A fusion gene was designed using a flexible peptide containing 15 neutral amino acids (G, S) that was inserted between the RS gene and the 4CL gene. This flexible peptide is easy to bend and is elastic, and this property may facilitate the correct folding of the two proteins so that their original functions are not affected.

Previous studies on the microbial production of resveratrol showed that the RS gene of A. hypogaea, V. vinifera, Pinus massoniana, and Pinus strobus L. encodes an active proteins in E. coli, and the activity of RS from A. hypogaea and V. vinifera was significantly higher than that observed in the other species (Lim et al. 2011). To increase resveratrol yield, a fusion protein, 4CL::RS, was constructed using 4CL from A. thaliana and RS from V. vinifera, which increased resveratrol production in yeast to up to 5.35 mg/L (32.11 % mol/mol) (Zhang et al. 2006).

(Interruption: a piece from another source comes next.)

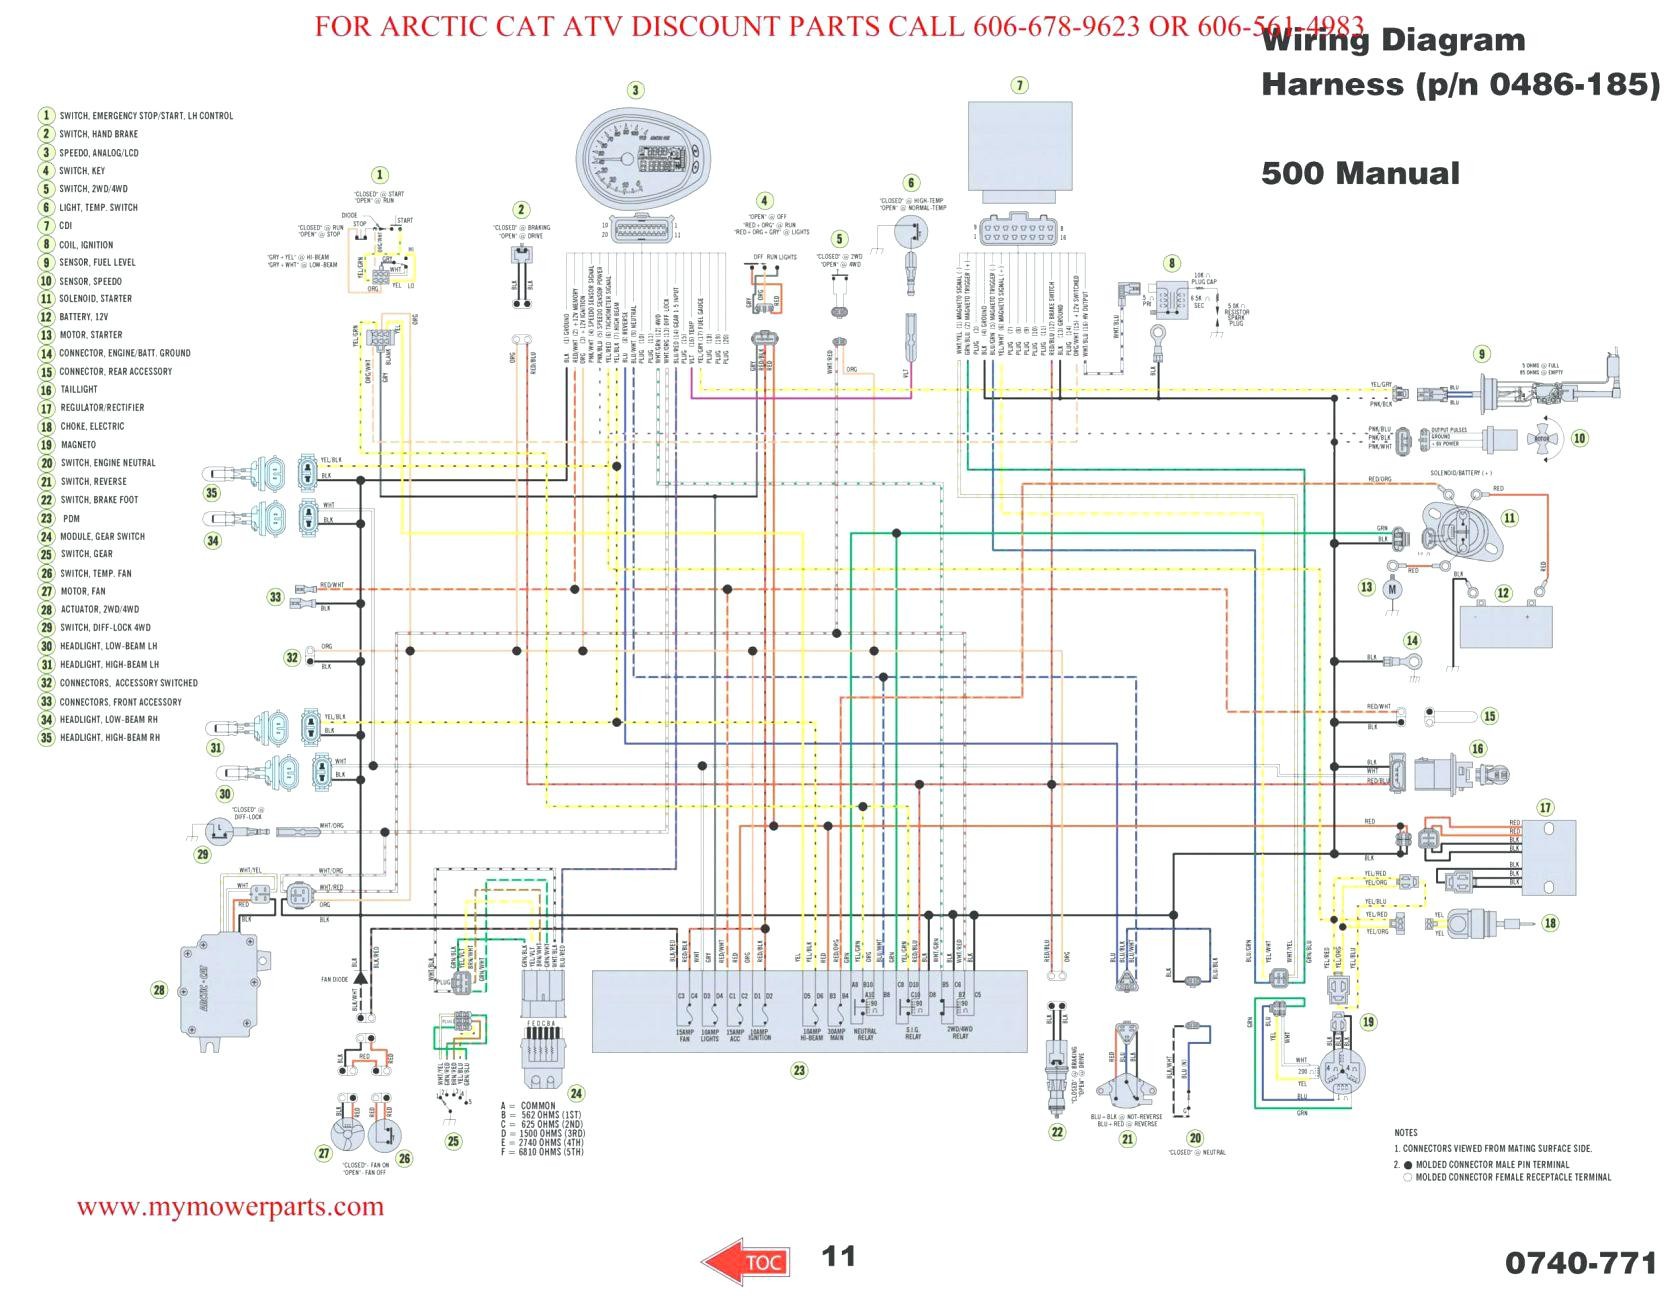 Aprilaire 700 Humidifier Wiring Diagram Model Diagrams Questions M Diagnoses Physical Connections

On the other hand, a recombinant plasmid, pUC-Vvsts-At4cl1, which co-expressed the 4CL gene from A. thaliana and the RS gene from V. vinifera, yielded a final concentration of resveratrol of up to 2340 mg/L, with a 68.35 mol% conversion yield (Lim et al. 2011).

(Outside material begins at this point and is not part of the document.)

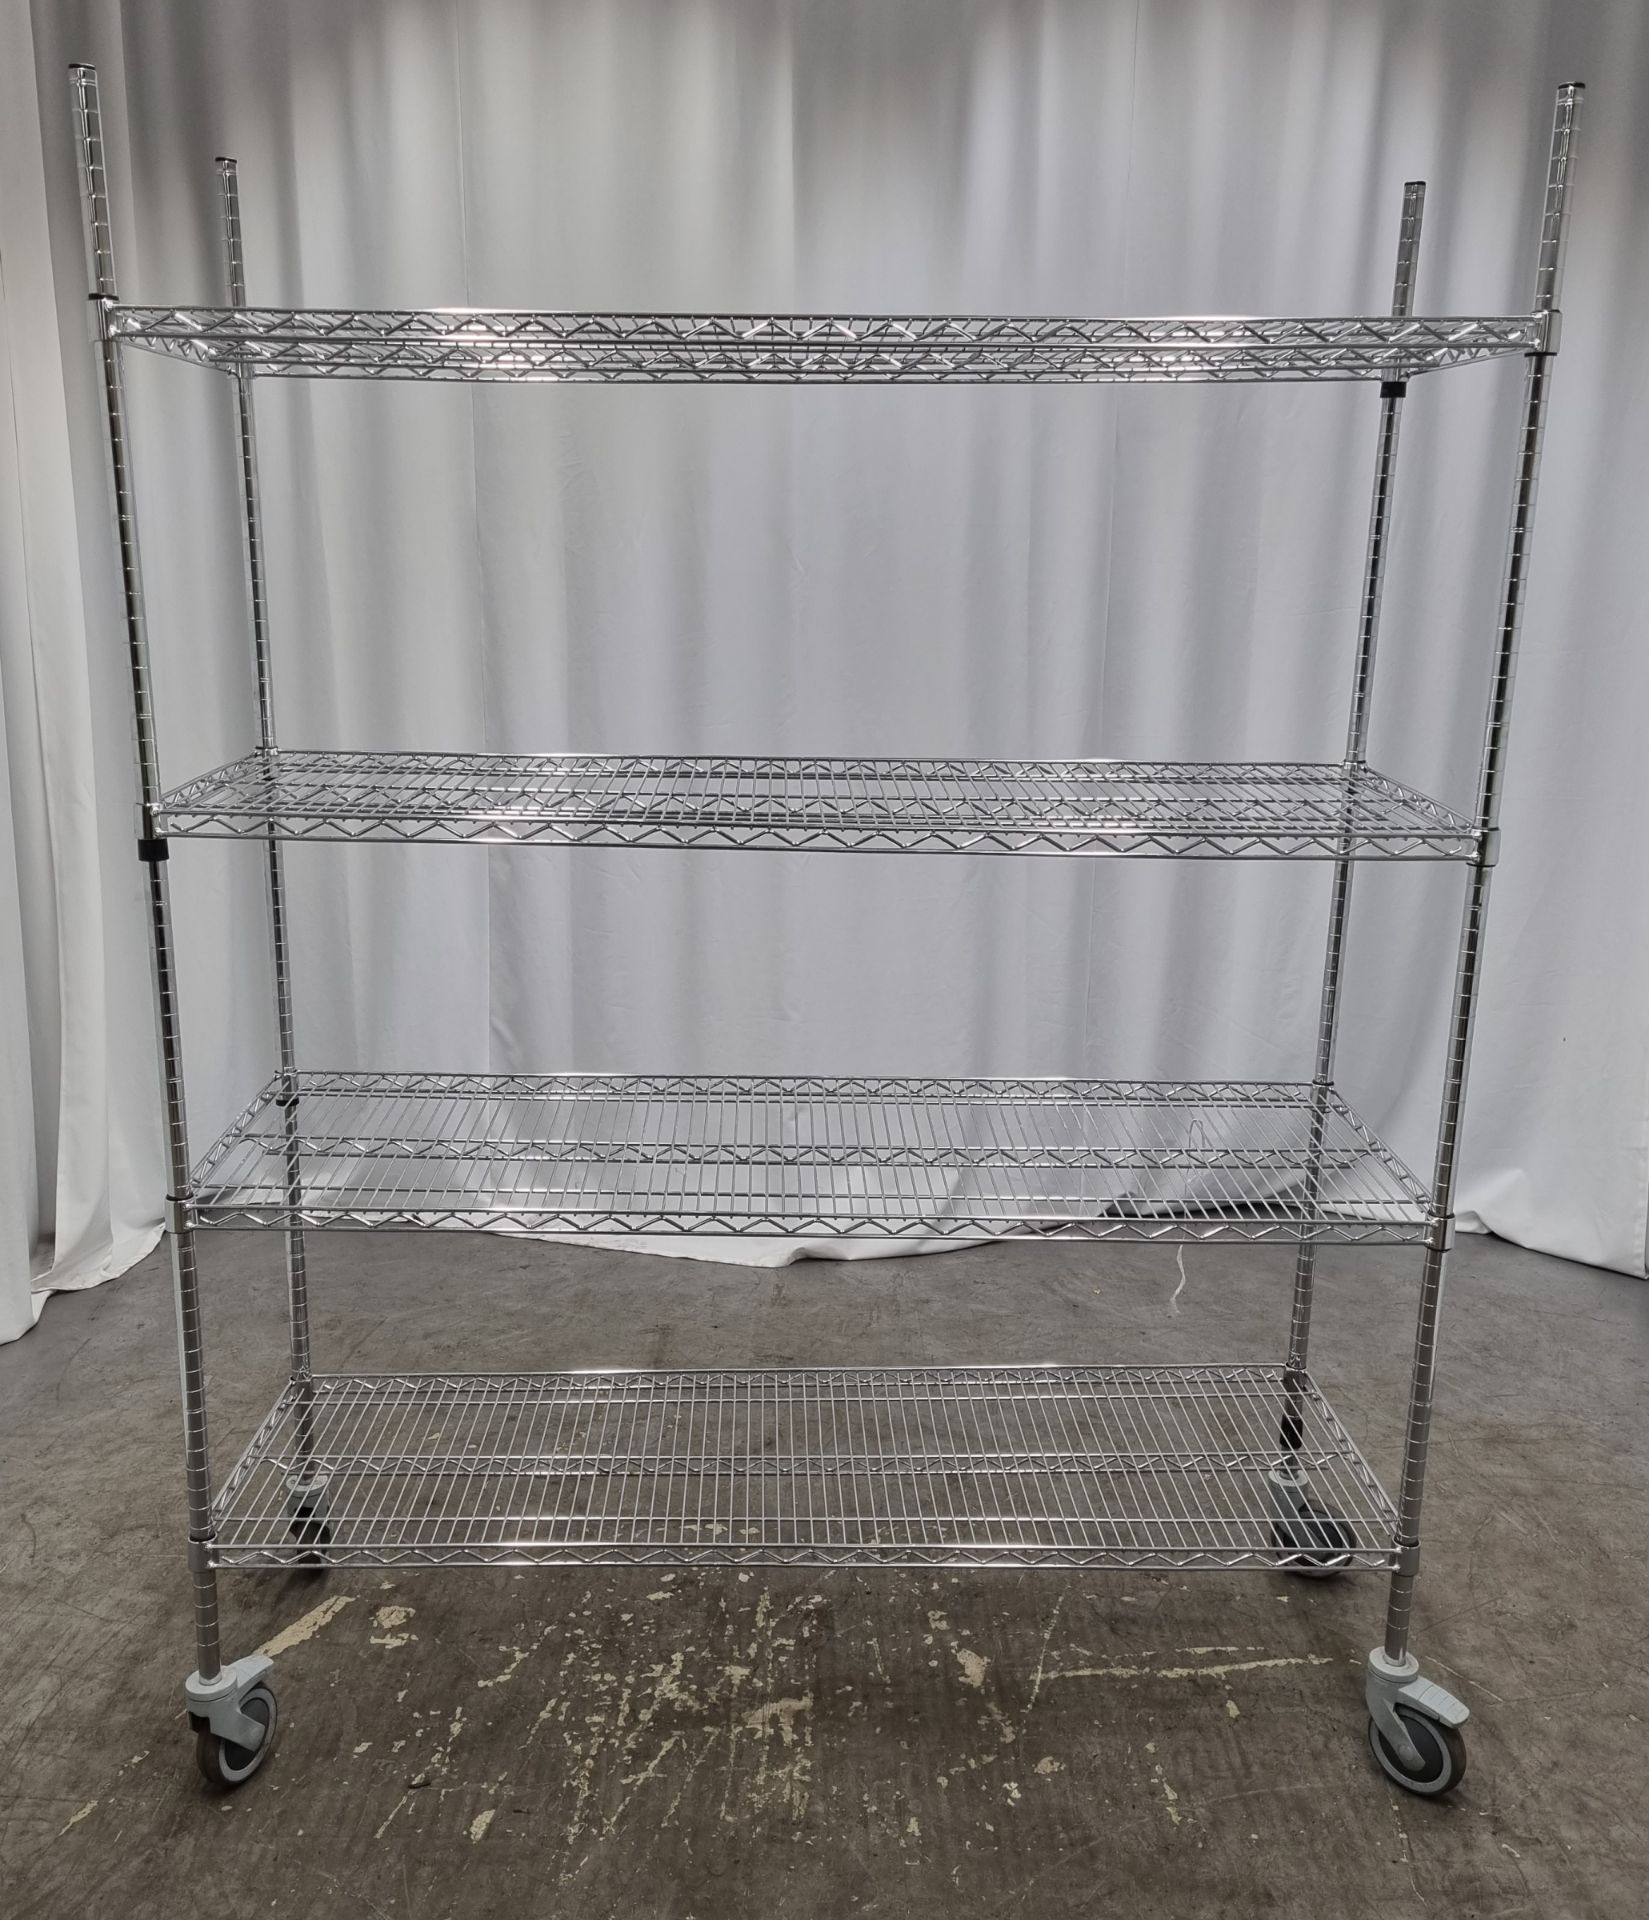 Stainless steel catering racking 4 x shelf on wheels - Image 3 of 5

In the present study, the fusion gene was successfully constructed by the BamH-I site and the fusion protein displayed the bioactivities of the both enzymes. This research results were different from the previous report (Watts et al. 2006). No studies on building a 4CL::RS fusion gene using this method have been reported to date. Using our experimental conditionals, our recombinant strain produced 80.524 mg/L of resveratrol within 48 h. The present study provides baseline information that could be utilized in future studies on the optimization of resveratrol fermentation, which in turn could potentially increase the productivity of resveratrol.